Wieso kommt Zitronensäure überhaupt zum Einsatz?

Zum Aufsäuren, wenn es ein warmer Jahrgang war und die Säurewerte sehr niedrig ausgefallen sind. War es ein kühles Jahr und die Säurewerte sind unangenehm hoch, kann man mit Zucker gegensteuern oder entsäuern.

Wenn der Verbraucher in den Supermarkt geht, was für einen Wein kauft er da eigentlich?

Im Supermarkt gibt es zwar Wein, aber meist als Massenprodukt – ohne Herkunft, ohne Heimat, ohne Gesicht und ohne Seele. Nur der kleinste Teil kommt vom Winzer: Bis zu 55 Prozent der Weine kommen von Großkellereien, gut 30 Prozent von Genossenschaften.

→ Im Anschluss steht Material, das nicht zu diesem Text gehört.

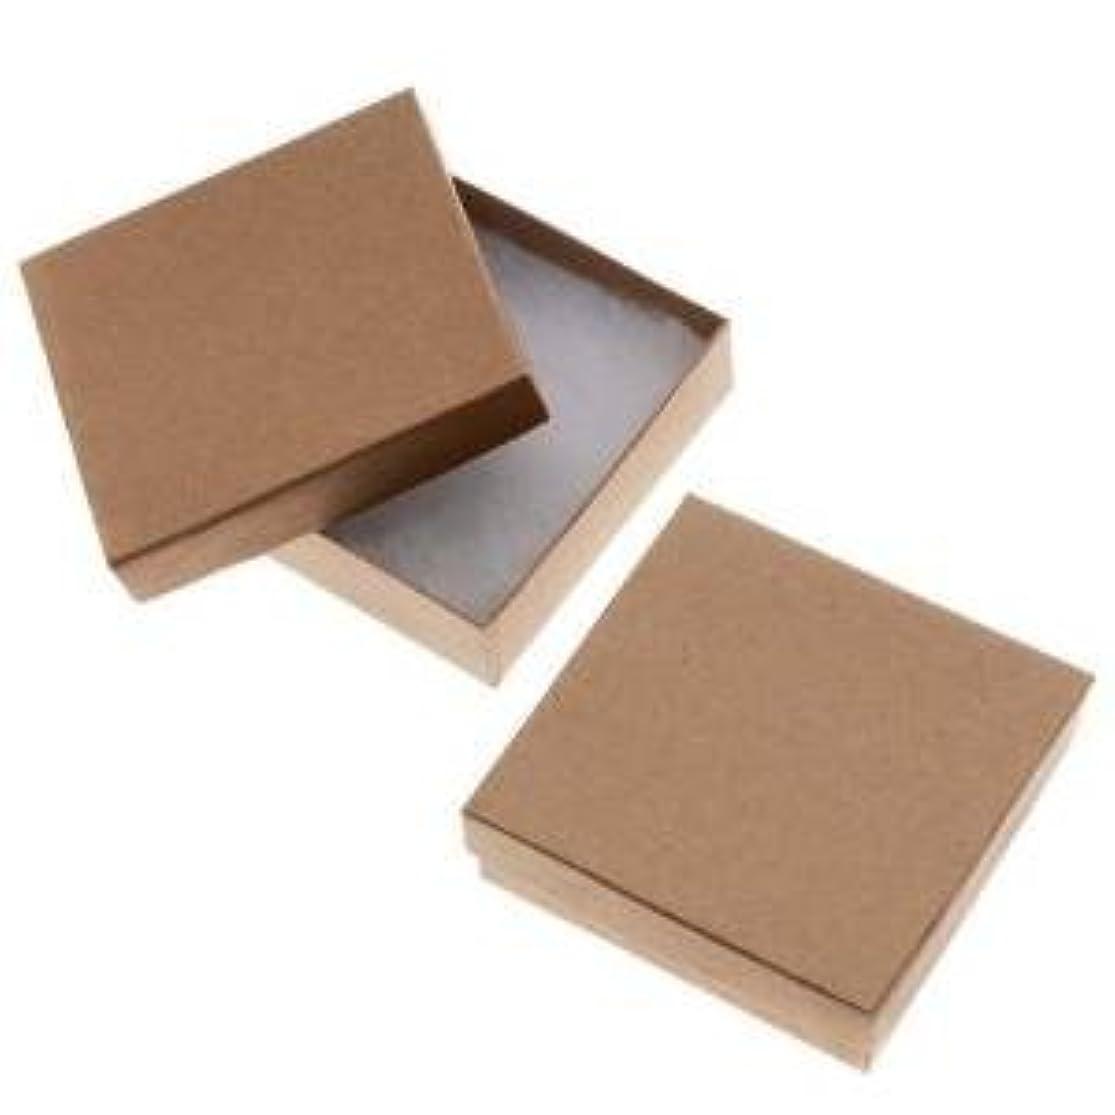 20 Pack Kraft 3.5 X 3.5 X 1 Inch Size Cotton Filled Jewelry Presentation Gift Boxes bdcvznei4
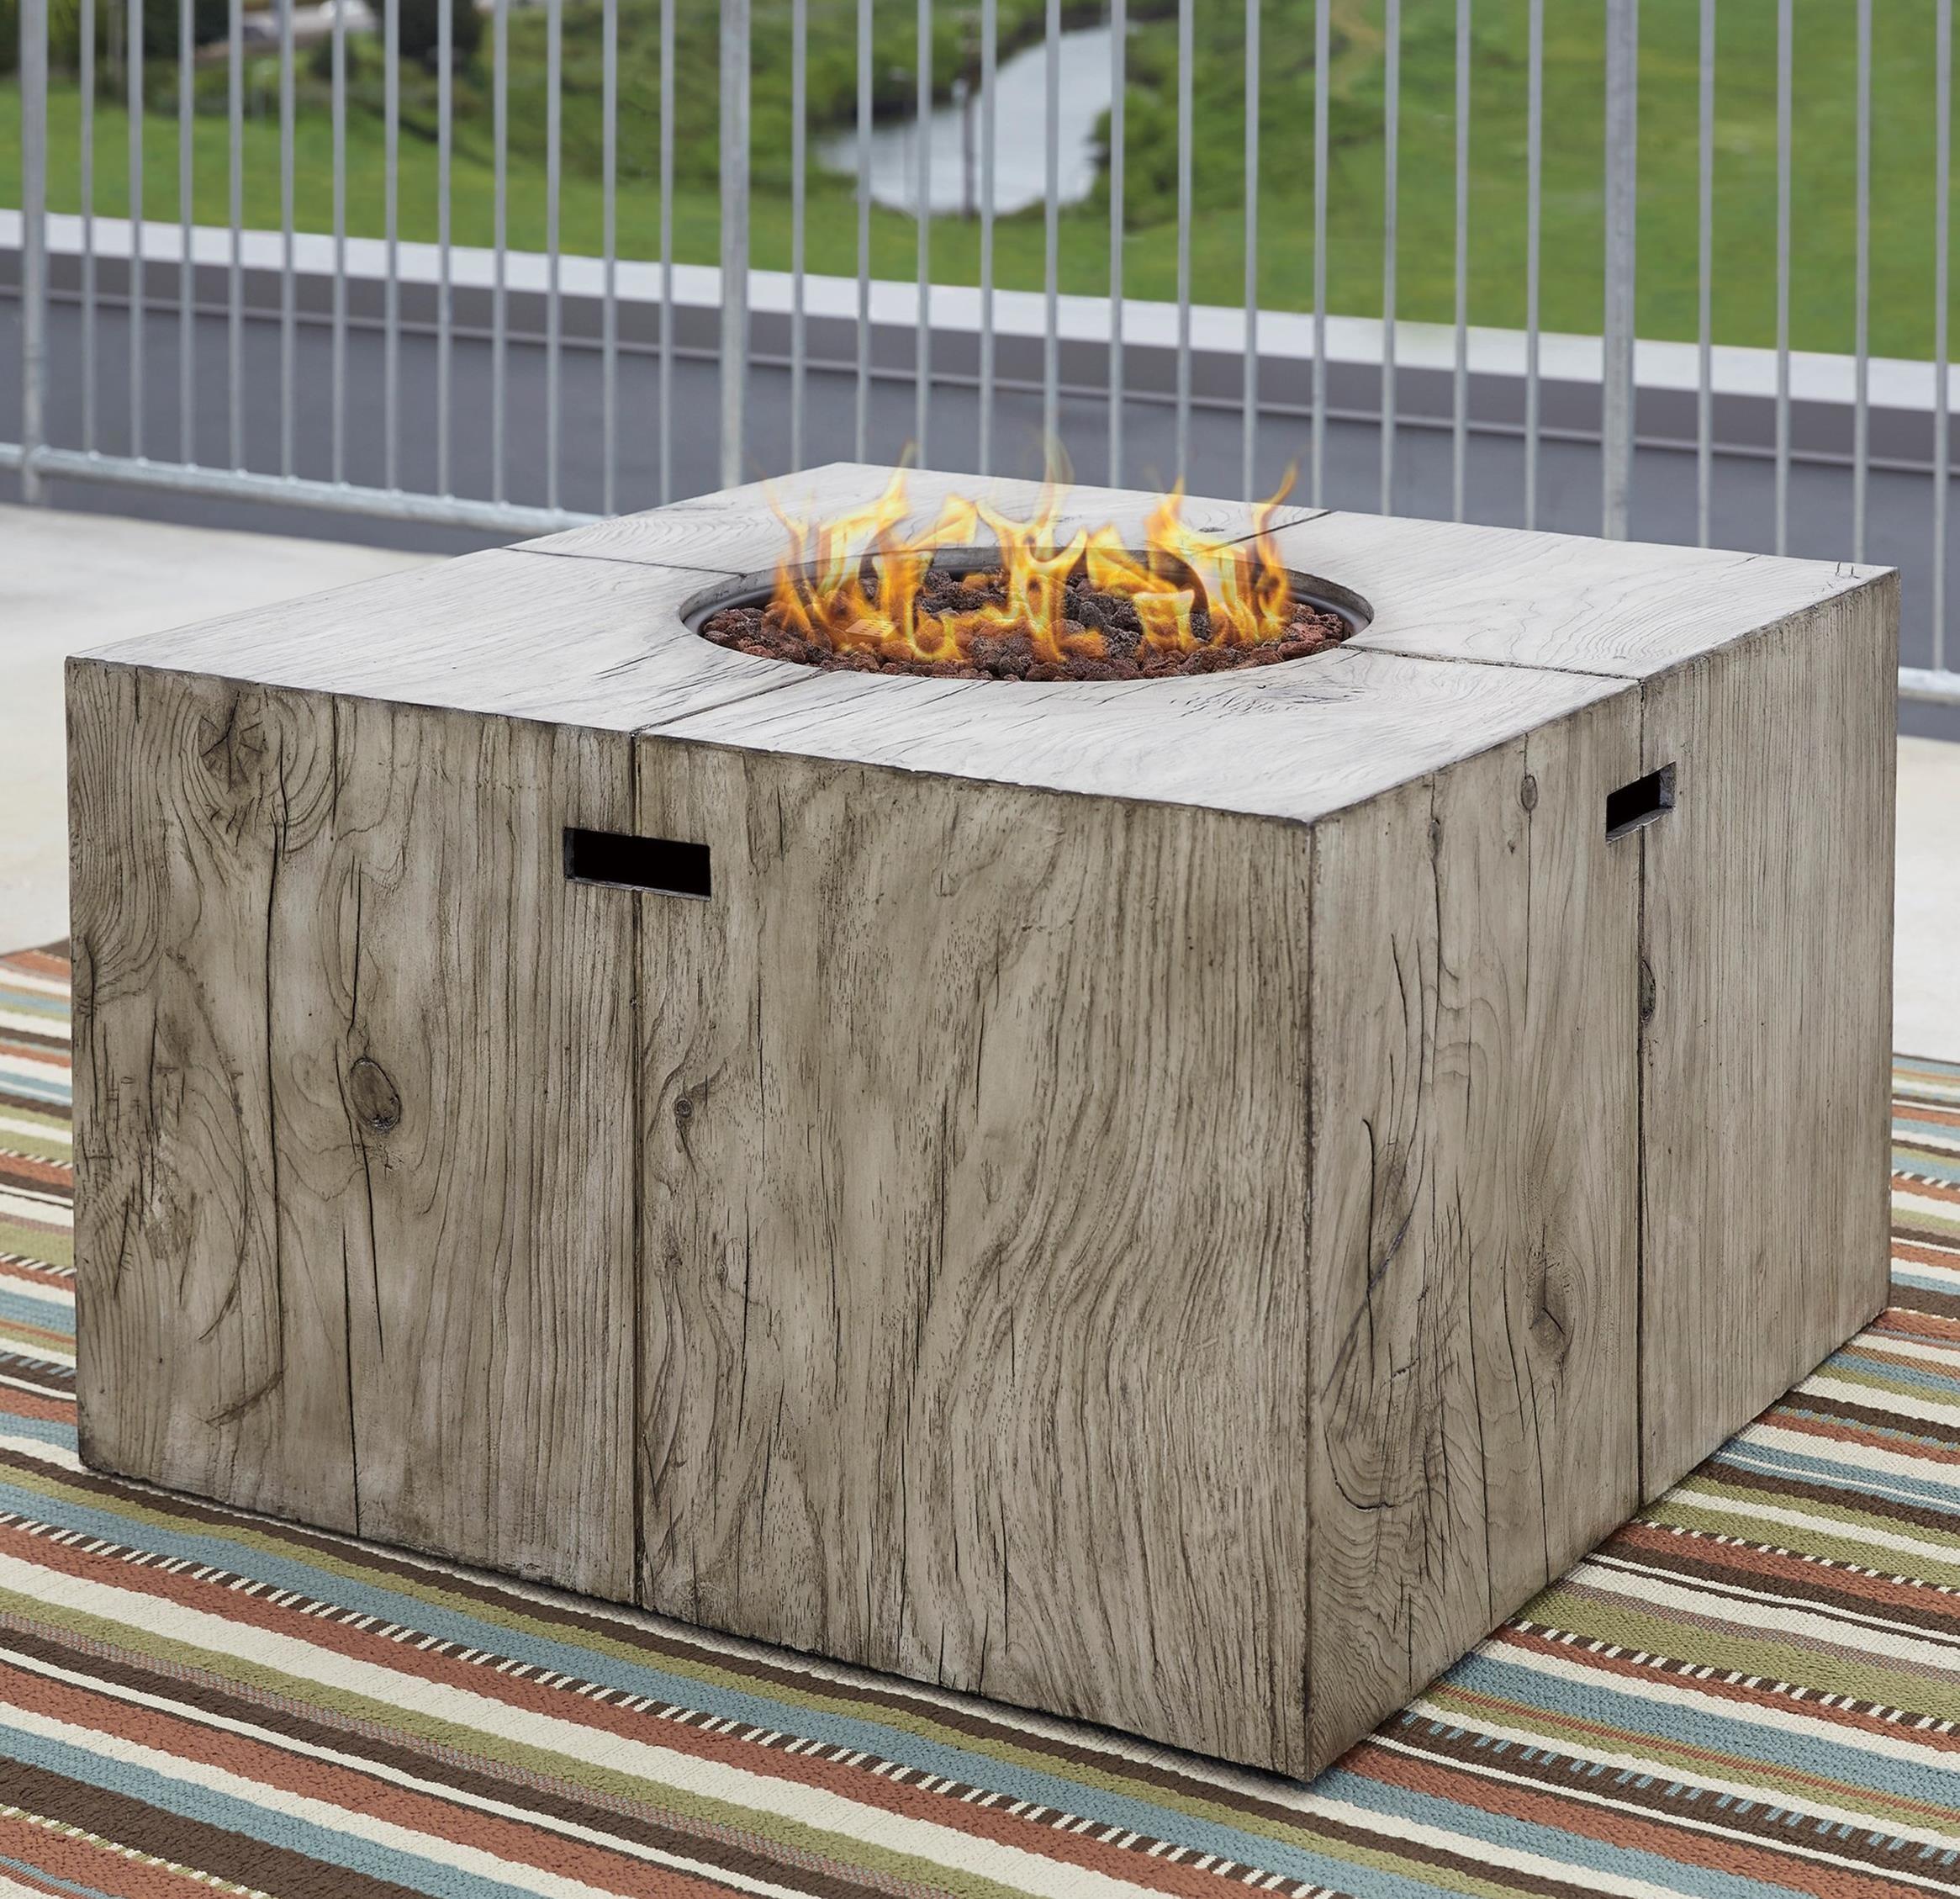 Signature Design by Ashley Peachstone Rustic Style Square Fire Pit

Viele der zugelassenen Behandlungen am Wein wären eigentlich nicht nötig, wenn man ihm gebührend Zeit geben würde. Aber die Industrie hat keine Zeit. Heraus kommt ein industrielles Massenprodukt, das zwar sensorisch verkehrsfähig ist, aber mit unserer romantischen Idee von einem handwerklich hergestellten Produkt nichts gemein hat.

Wenn Industrie-Weine kennzeichnungspflichtig wären, würden die Zusatzstoffe im "Billig-Wein" den Verbraucher abschrecken?

Als Verbraucher kann man sehr gut nachvollziehen, welcher Wein "gemacht" ist oder vom Winzer kommt. Die Großkellerei ist gekennzeichnet als Abfüllerware, beim Winzer steht Erzeugerabfüllung sowie eine Adresse darauf. Bei der Kellereiware ist meist nur der Abfüller notiert und eine amtliche Prüfnummer, die seine Verkehrstauglichkeit attestiert.

Trotzdem wäre eine Kennzeichnungspflicht der Hilfsmittel wünschenswert. Aber wie will man etwas nachweisen, dass mithilfe anderer Hilfsmittel wieder entfernt wurde? Es ist de facto ja gar nichts mehr da.